Марк понимает без слов, утаскивая меня в комнату, где неистово любит.
Я видела, что он борется с самим собой. Да, я вполне могла бы оскорбиться и даже прогнать его, но мне не хотелось. Ломать себя было неприятно, но я решила думать, что это небольшая уступка, а со временем мы просто проработаем этот момент.
— Кем были твои родители? — спрашивает Марк, пока я удобно лежу на его груди.
— Нет, пожалуйста, давай не об этом, — я не всегда была готова делиться этой темой. Их любовь и память о них я очень трепетно и бережно хранила внутри. — Расскажи о своих.
— Мама — учитель. Отец — строитель. Думаю, что всё же это было в крови.
— А где они живут?
— Я купил им дом в Подмосковье. Мама всю жизнь мечтала об огороде, о шикарном доме. Я тебя с ними как-нибудь познакомлю, — обещает Марк. — Ты им точно понравишься.
Губы трогает лёгкая улыбка. Кажется, болезненные струны души всё же задеты. Мне не у кого было спросить совета, я не могла попить чай с мамой на кухне, опереться на папино плечо и выслушать бабушкину мудрость.
— Надо собираться, Марк, — желание вести светские беседы напрочь отпало.
— Ты обижаешься? — заглядывает в лицо, садясь на кровати.
— Нет, просто настроения нет.
Одеваюсь я просто, и макияж тоже делаю не вычурный. Марк следит за мной взглядом, но не трогает. Вечер проходит спокойно, но я хочу домой, как можно быстрее. Было бы здорово остаться одной, но Словецкий итак днём улетает, поэтому гнать его сейчас было бы некрасиво. Мы с Марком проводим ночь у него, а с утра я провожаю его.
— Пообещай, что будешь скучать, — улыбаюсь, стоя на цыпочках и целуя коротко в губы.
— Я уже, малышка. Раньше любил командировки — смена обстановки и окружения. Сейчас же терпеть их не могу.

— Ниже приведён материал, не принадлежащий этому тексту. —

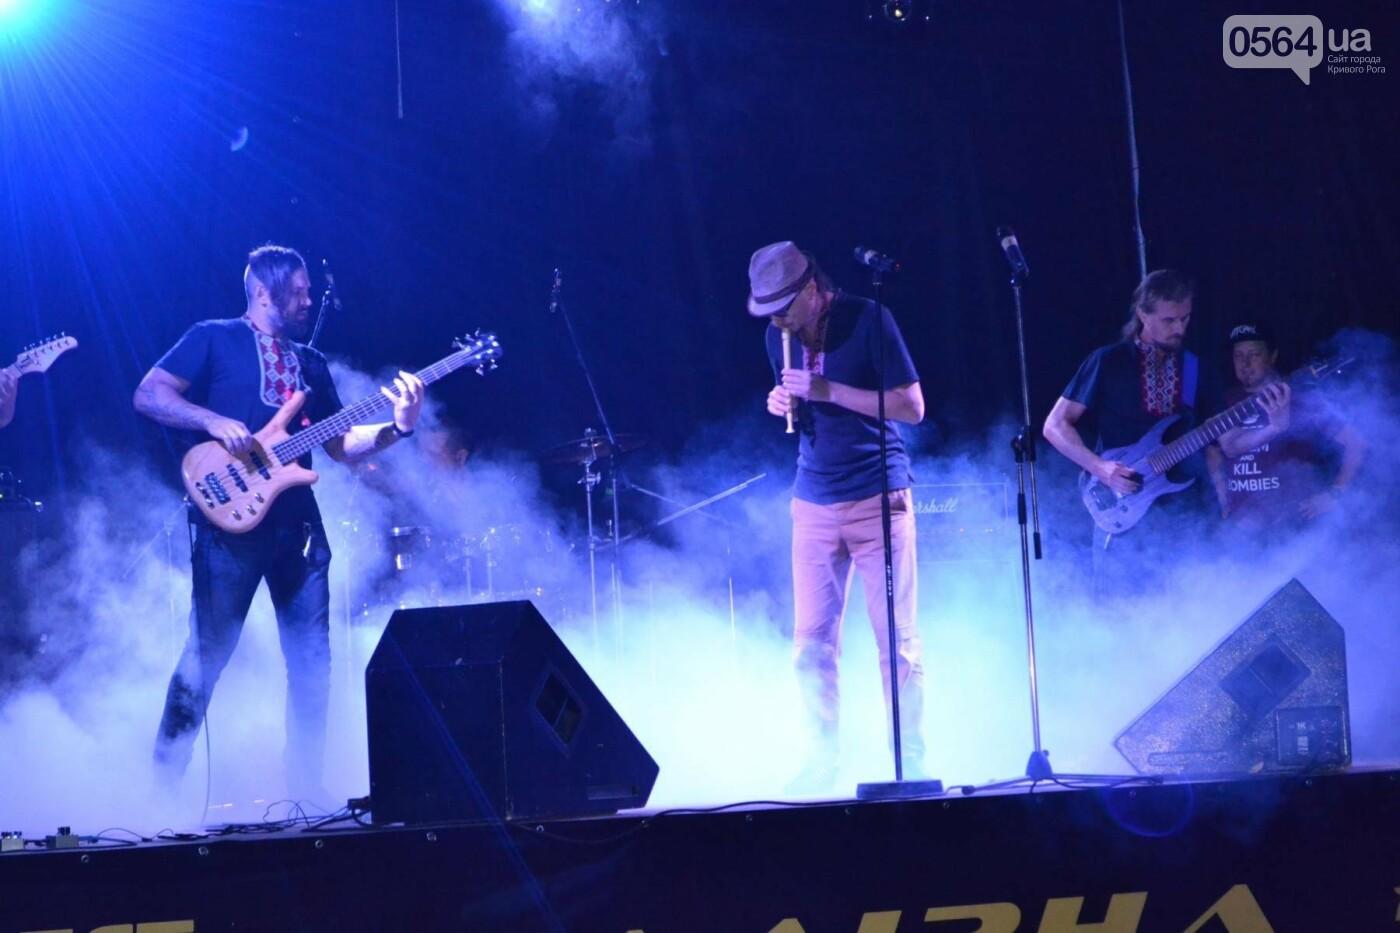 Подведение итогов, награждение победителей и выступление рок-групп, - чем завершился криворожский веломарафон, - ФОТО, ВИДЕО, фото-12

— Время пролетит быстро, ты же знаешь.
— Знаю, — крепко целует, а потом я провожаю его взглядом.
9
Неделя летит с бешеной скоростью. Учёба сменяется работой, детским домом, а затем снова учёбой и тренировками. Домой заезжаю только поспать. На самом деле, я даже благодарна Марку, что он оставил водителя, потому что между пунктами я хотя бы отдыхаю, развалившись на заднем сидении.
— Чем занимаешься? — спрашивает Словецкий, когда мы созваниваемся.
— Марк, ты же знаешь.
— Нет, я же сказал, что не буду отчёт требовать.
— Вот появилось время свободное, еду к Людмиле Павловне, — не особо верю, что Марк не в курсе. — Чай попьем, посекретничаем. Посмотрю, вдруг ей помощь нужна.
— Ты моя добрая душа, всем бы помогла. Отдыхать не пробовала сама? Дан, я, правда, беспокоюсь.
— Родной, мне двадцать лет. Это нормальный ритм.
— Сейчас — да. Лишь бы со временем не выгорела.
— О нет, рядом со мной такой пожар, — отшучиваюсь. — Не даст потухнуть.
— Ладно, — смеётся Словецкий. — Не заводи. Мне ещё работать, а одного сладкого голоска уже достаточно.
— Обнимаю и целую.
— И я тебя.
Водитель останавливается у нужного дома, и я забираю пакет со всякими вкусностями и дорогим чаем, который, я знала, любила Людмила Павловна.